Laisser des gestionnaires professionnels faire le travail à votre place et engranger un beau bénéfice: c’est possible en achetant des parts d’un holding. Certains vous permettent même de profiter de la croissance économique aux Etats-Unis.
Le holding Brederode possède de nombreuses participations dans des entreprises américaines et pourrait de ce fait profiter du cycle de croissance démarré il y a six aux Etats-Unis. ©Lieven Van Assche

Vos activités professionnelles, voire vos connaissances insuffisantes du monde de la Bourse, vous empêchent de gérer votre épargne le plus efficacement possible? Les holdings cotés à la Bourse de Bruxelles peuvent faire votre affaire. Leurs actions vous garantissent un rendement grâce à la distribution d’un dividende et vous offrent en même temps la perspective de réaliser une plus-value sur votre investissement. Comme l’affirme GBL , le plus important holding belge et le deuxième en Europe en termes d’actif net ajusté (15 milliards d’euros), l’objectif d’un holding est de créer de la valeur à long terme pour les actionnaires.

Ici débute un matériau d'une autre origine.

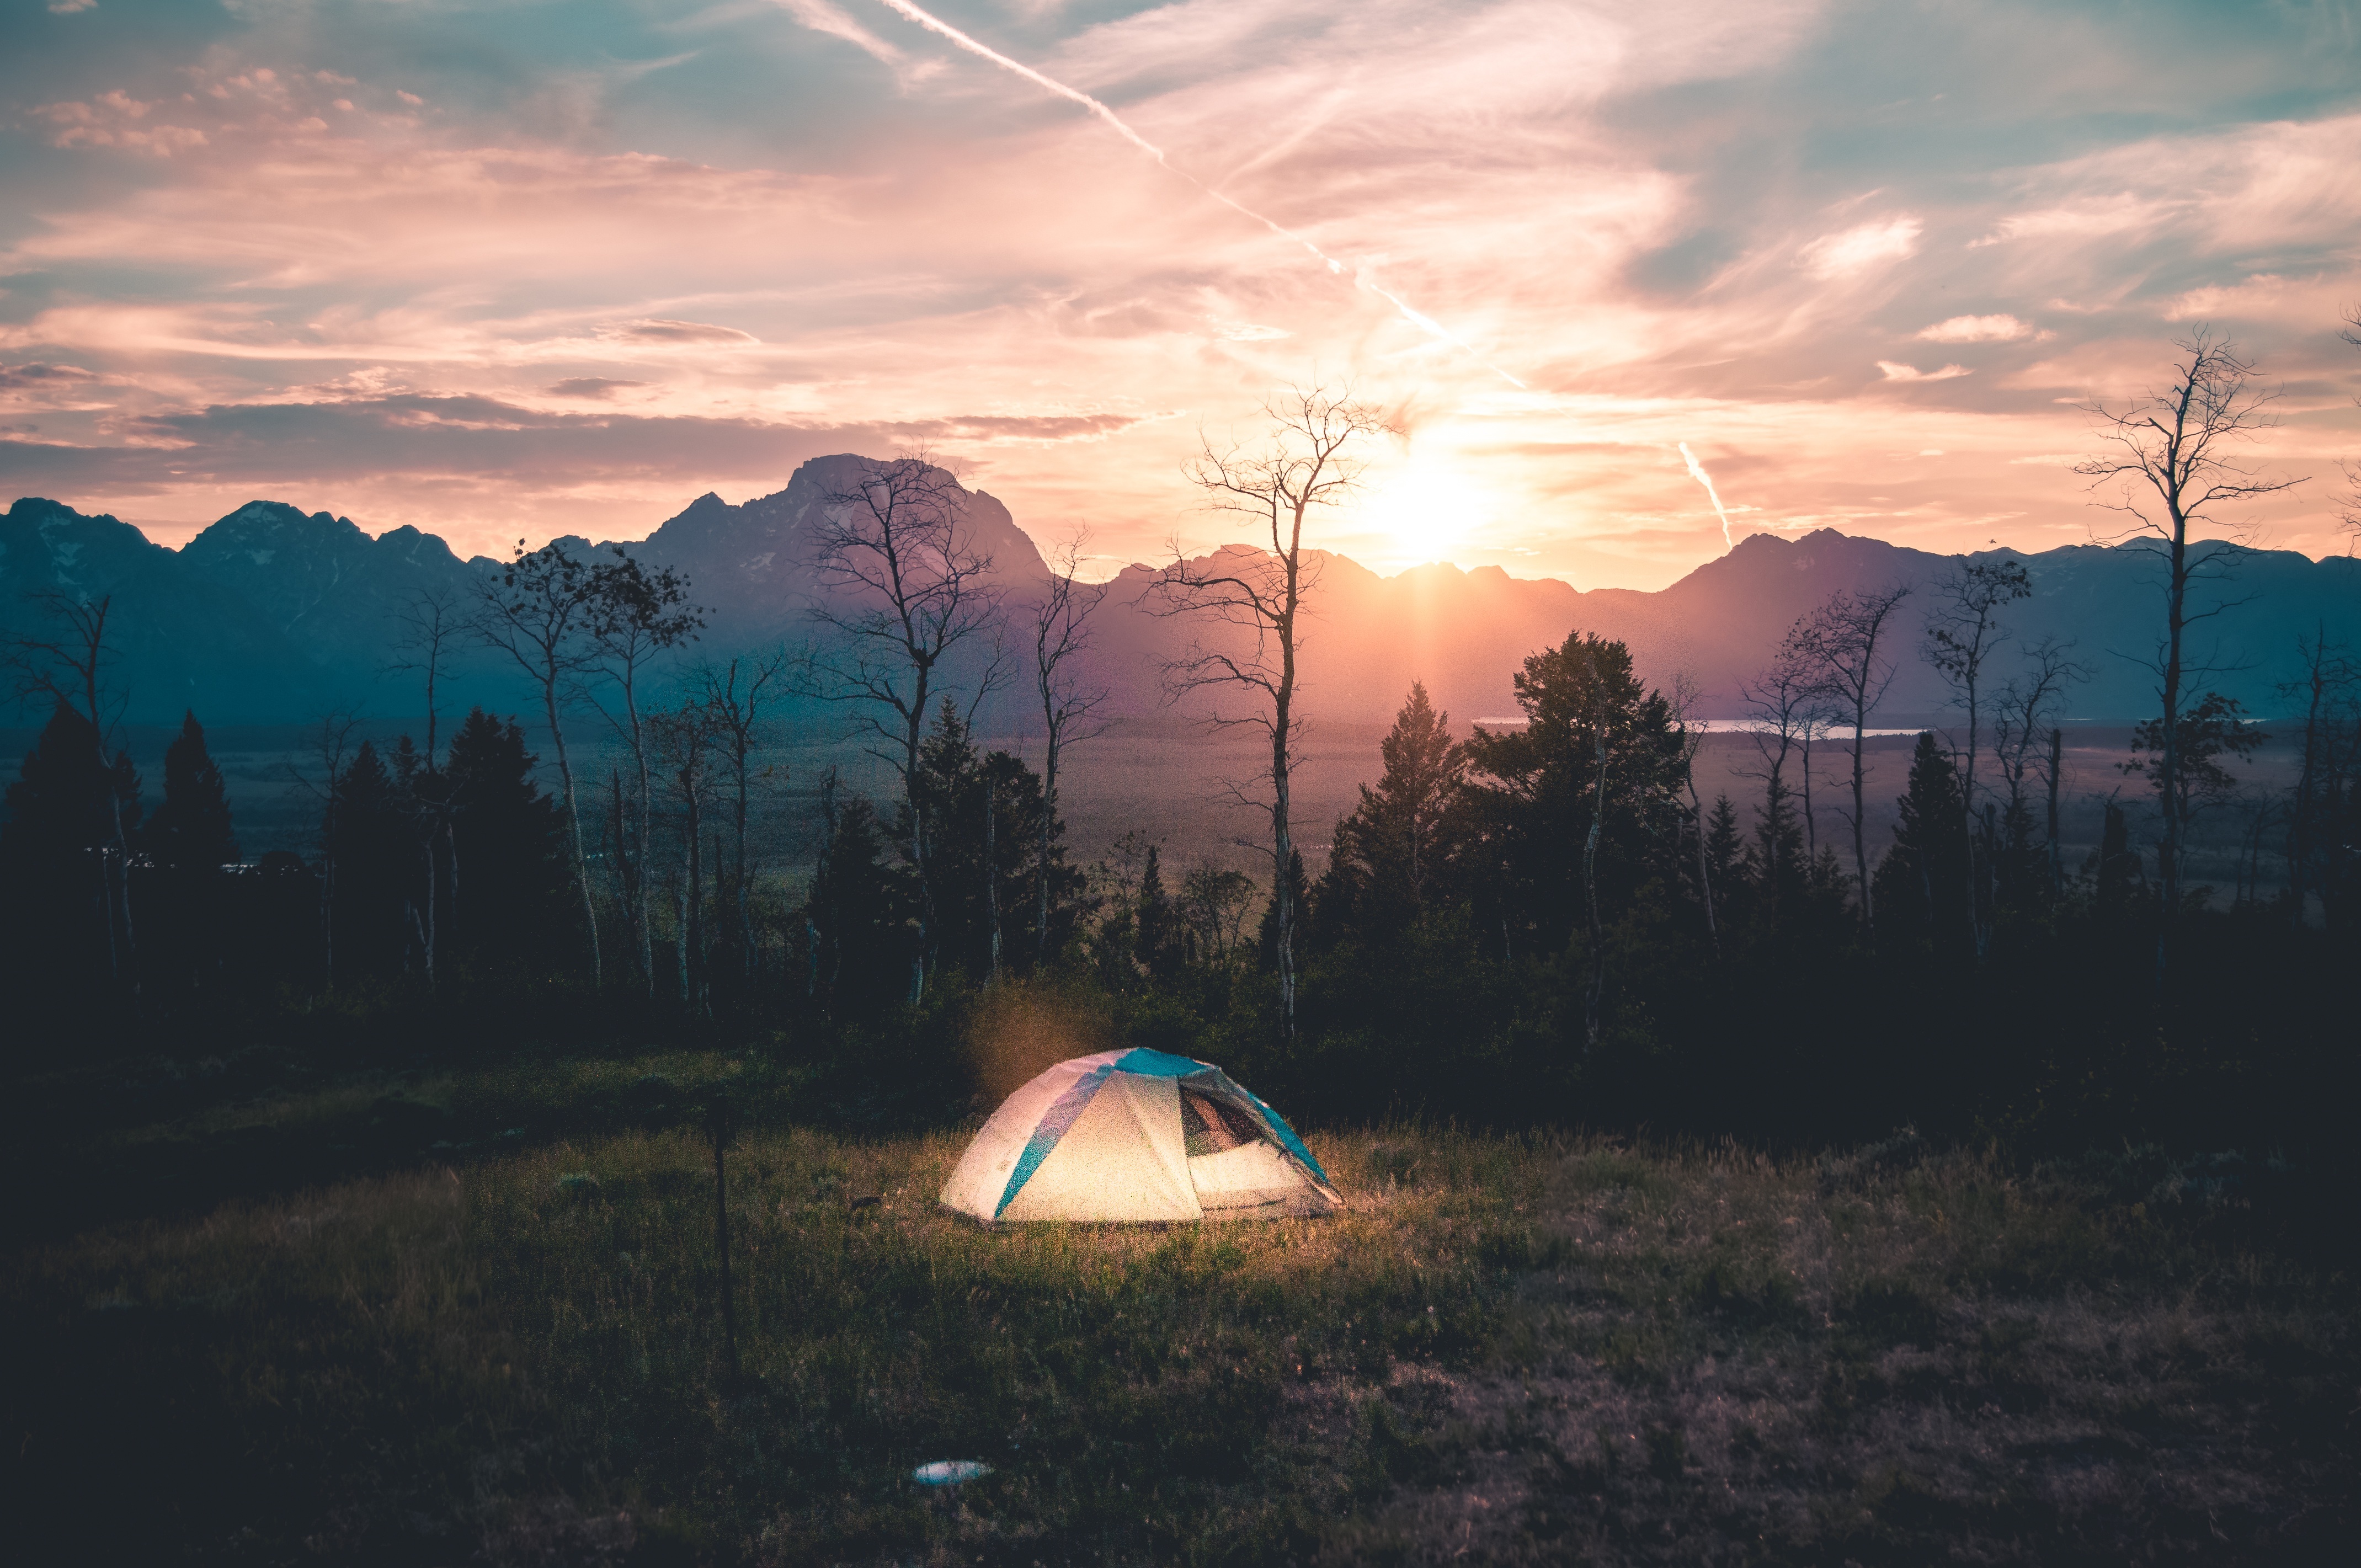 campsite, landscape, nature, tent, camping

1. Investir dans les holdings les plus performants…

Une dizaine de compagnies d’investissement se retrouvent sur les écrans de cotation de la Bourse de Bruxelles. Parmi les plus importantes, outre GBL, que l’on vient de citer, il y a Sofina , qui affiche une valeur boursière de 4,3 milliards d’euros, Ackermans & van Haaren (4,4 milliards), Brederode (1,25 milliard) et Bois Sauvage (0,5 milliard). S’y ajoutent des sociétés d’investissement plus spécifiques comme Solvac (2,5 milliards), KBC Ancora (3,1 milliards), Gimv (1,3 milliard) ou encore Financière de Tubize (2,6 milliards).

Solvac, Financière de Tubize et KBC Ancora sont qualifiées de monoholding, c’est-à-dire qu’elles ont comme principal actif une participation dans une seule entreprise, tandis que Gimv est plutôt une société d’investissement spécialisée dans les capitaux privés et le capital-risque.

Bien que le nombre de holdings dignes de ce nom soit finalement limité, il n’en reste pas moins à régler la question du choix de celui (ou ceux) qui prendra place dans votre portefeuille. Les performances, on l’imagine, risquent fort de ne pas être égales d’un holding à l’autre. Un coup d’œil sur leur évolution au cours des douze derniers mois pourrait nous mettre sur une piste.

©MEDIAFIN

On observe ainsi qu’en 2016, les actions des groupes d’investissements financiers qui se sont le mieux comportées ont été Bois Sauvage et Sofina. Elles ont enregistré des gains de respectivement 23,5 et 21,5%. Ces prestations ont permis au cours de ces actions d’atteindre de nouveaux sommets historiques: 317,7 euros pour Bois Sauvage et 128,45 euros pour Sofina. En dépit de leur hausse au terme des 12 derniers mois (entre 1 et 2%), les actions GBL et Brederode n’ont pas encore réussi à rejoindre leur sommet, qui remonte à 2007 pour le premier (95,10 euros) et à 1999 pour le second (44,1 euros). Du fait de son recul de 2,5% au cours des 12 derniers mois, le titre du holding anversois Ackermans & van Haaren n’a pas réussi à améliorer son plus haut historique établi en 2015 (144,4 euros).

Sur une plus longue période, soit depuis mars 2009, lorsque les marchés avaient touché un plancher depuis 2000, Ackermans & van Haaren (+ 258%) signe néanmoins le meilleur parcours boursier, devant Brederode (+ 249%), Sofina (+ 165%), Bois Sauvage (+ 100%) et GBL (+ 56%). À ces pourcentages, il y a lieu d’ajouter les dividendes distribués chaque année.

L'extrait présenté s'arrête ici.